The Maori of Samoa, according to Mauss, believe objects like this contain a spiritual power, the hau, which arises from previous possessions of the object, and it's this symbolic force that means people fear it that they oblige to reciprocity. I likened examples like these to contemporary capitalist societies, like American society at Christmas. Although many buy commodities as gifts, the act of transforming it by altering it, or wrapping it up, means we can convey a sense of our identity through the object, like the hau in Maori. The fact we've specially selected this item from a homogenised mass of objects in a shop also signifies that the object is special. In fact, in the time you bought it, wrapped it and given it, you've had temporary possession of that object, familiarising yourself with it. (Carrier, in Miller's 'Unwrapping Christmas 1993). The act of Christmas shopping is a ritual, as is wrapping, much like the ritual of kula or potlatch.

Potlatch is a gift-exchange in North America where exchanged and prized objects are destroyed to show power, but the point is that the act helps one to form a social status or hierarchy, as in the case of the Tlingit and Haida. It's an act of class struggle. You could argue the same is true in other societies, where buying objects for others actually just conceals the desire for material wealth.

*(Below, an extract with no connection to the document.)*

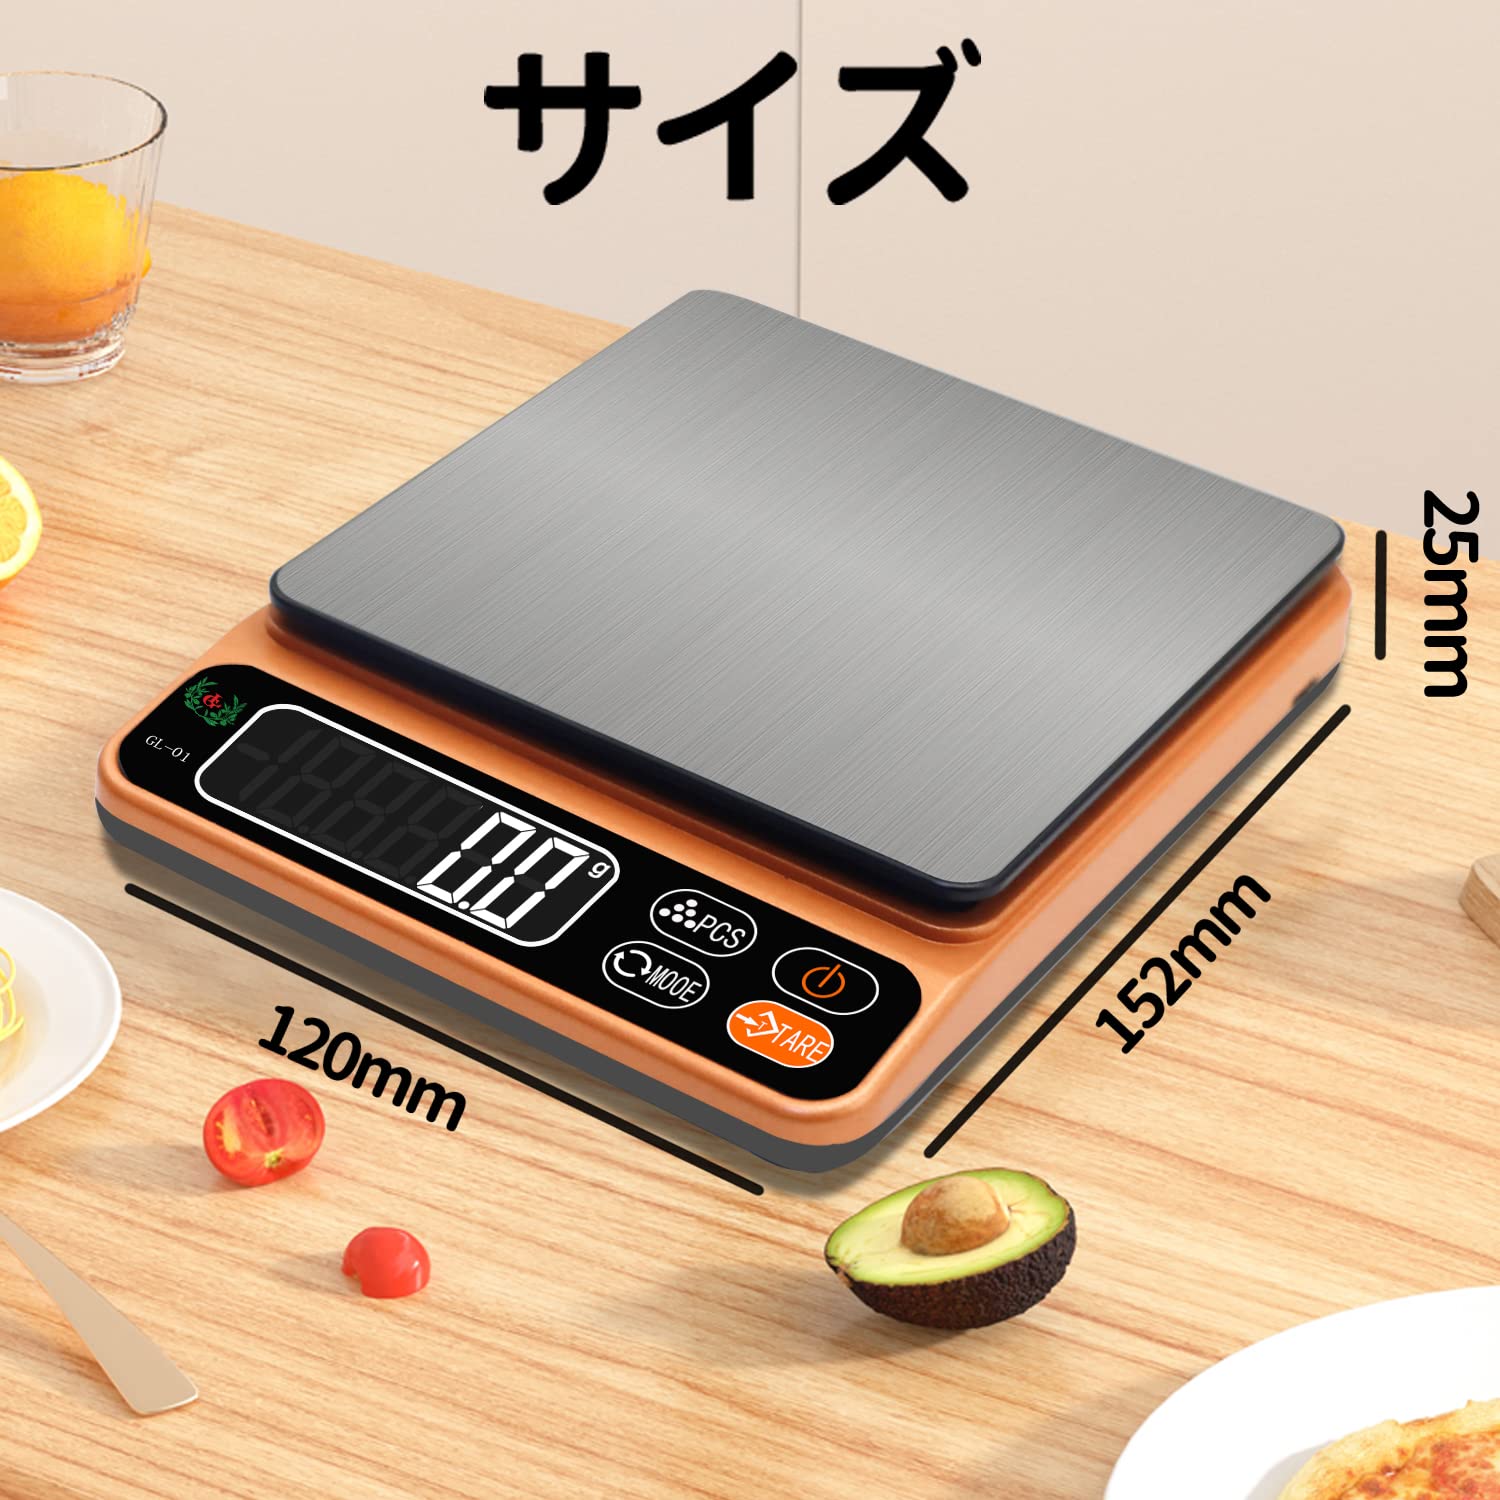 SCALE JAZZ measuring digital scale scale electron scales measuring 5000g 0.1g unit 5kg measure compact amount measurement manner sack discount power supply self

The desire for material wealth can arise from conspicuous consumption. This is the idea that objects display your material wealth and thus a status of being economically better off, which is perceived in desirable in a capitalist society. I found evidence for this in Japan, where Tiffany jewellery in the 1990s was the epitome of showing your love romantically. The fact it's recognisable and visual is arguably an act of conspicuous consumption, or even insidious consumption (to provoke envy). Even temporarily possessing these items as intended gifts for someone else, satisfies the temptation of actually having bought the gift yourself, Belk might argue. (Belk, in Miller's 'Unwrapping Christmas', as before). Belk says that at Christmas, adults take over from their parents as Santa, becoming this figure as an excuse to buy themselves things that they desire.

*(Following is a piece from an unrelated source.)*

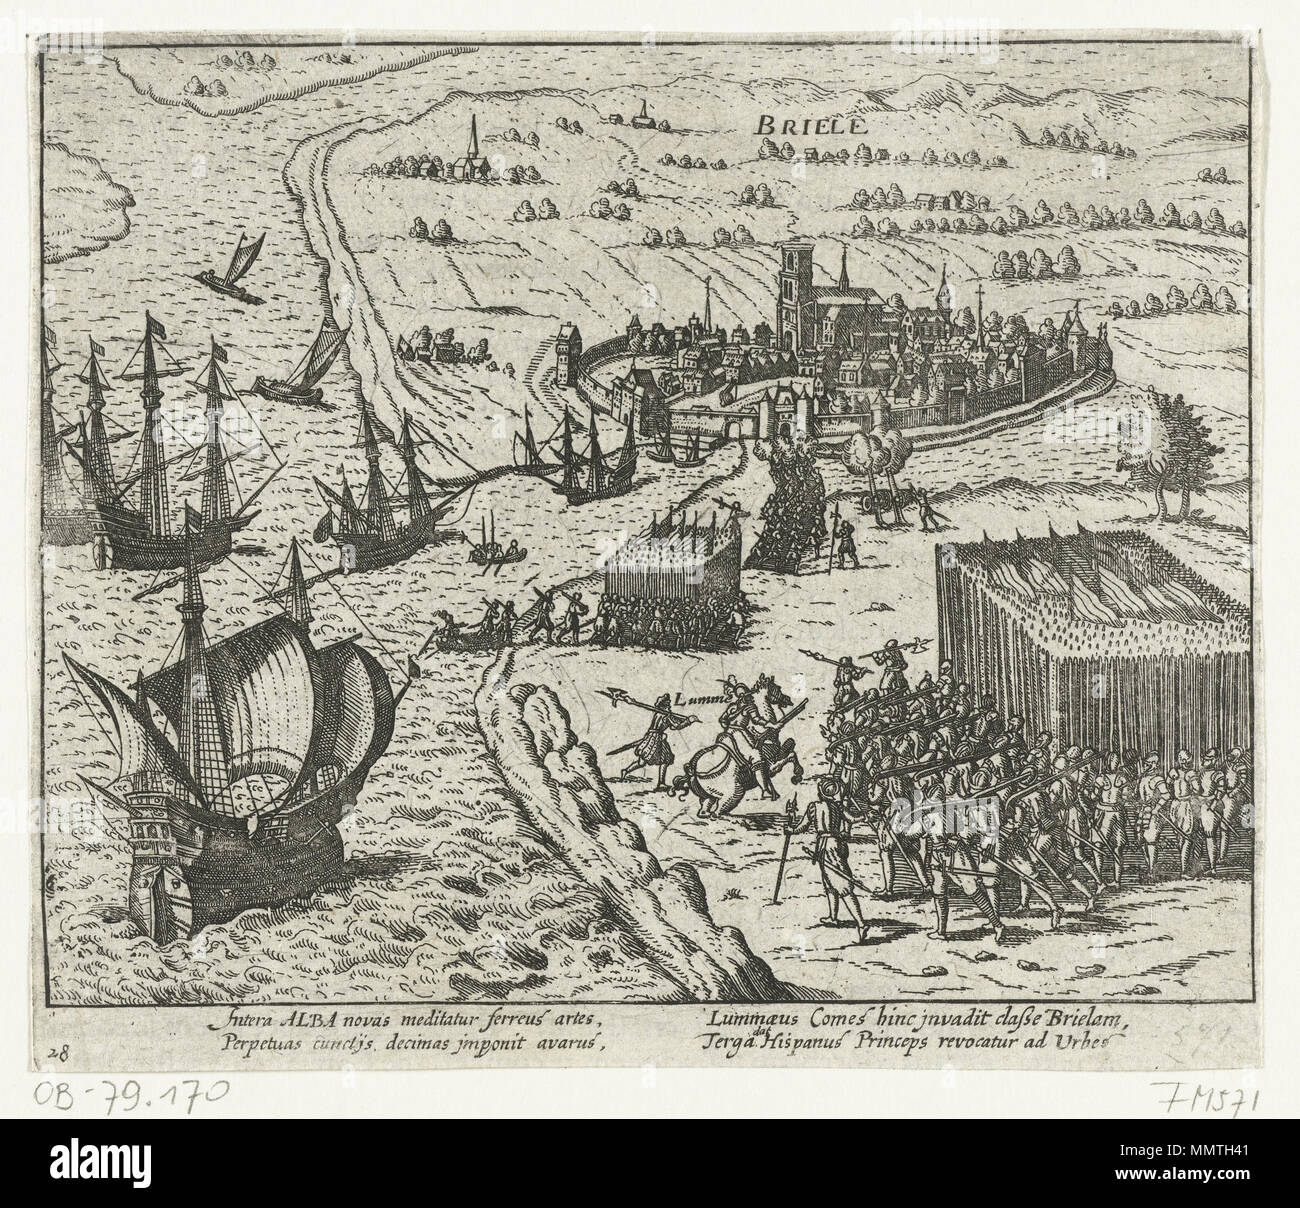 Depiction of the capture of Den Briel (present day Brielle) near Rotterdam  by the Watergeuzen (protestant rebels) commanded by Lumey and Blois van  Treslong, 1 April 1572. Lumey mentioned as Lumme.

But that's a pretty cynical view of Christmas and dismisses sentiment as the reason for giving gifts, and the example of a Trinidadian Christmas by Miller later in the book shows that materialism doesn't solely prevail in all societies in festivals. Ritual and symbolism can account for a lot, as the Trinidadian custom of giving your house a good ol' clean and paint is one what a lot of money goes towards at Christmas. Besides, gift exchange is just one aspect of Christmas.

I do like what David Mitchell has to say on British gift exchange. He's very funny, very aware of social "awkwardness", and gets himself into a tizz at the end, just like I first did trying to structure my essay.

Wednesday 22 February 2012

Trains, aboriginals and rocks (space and landscape)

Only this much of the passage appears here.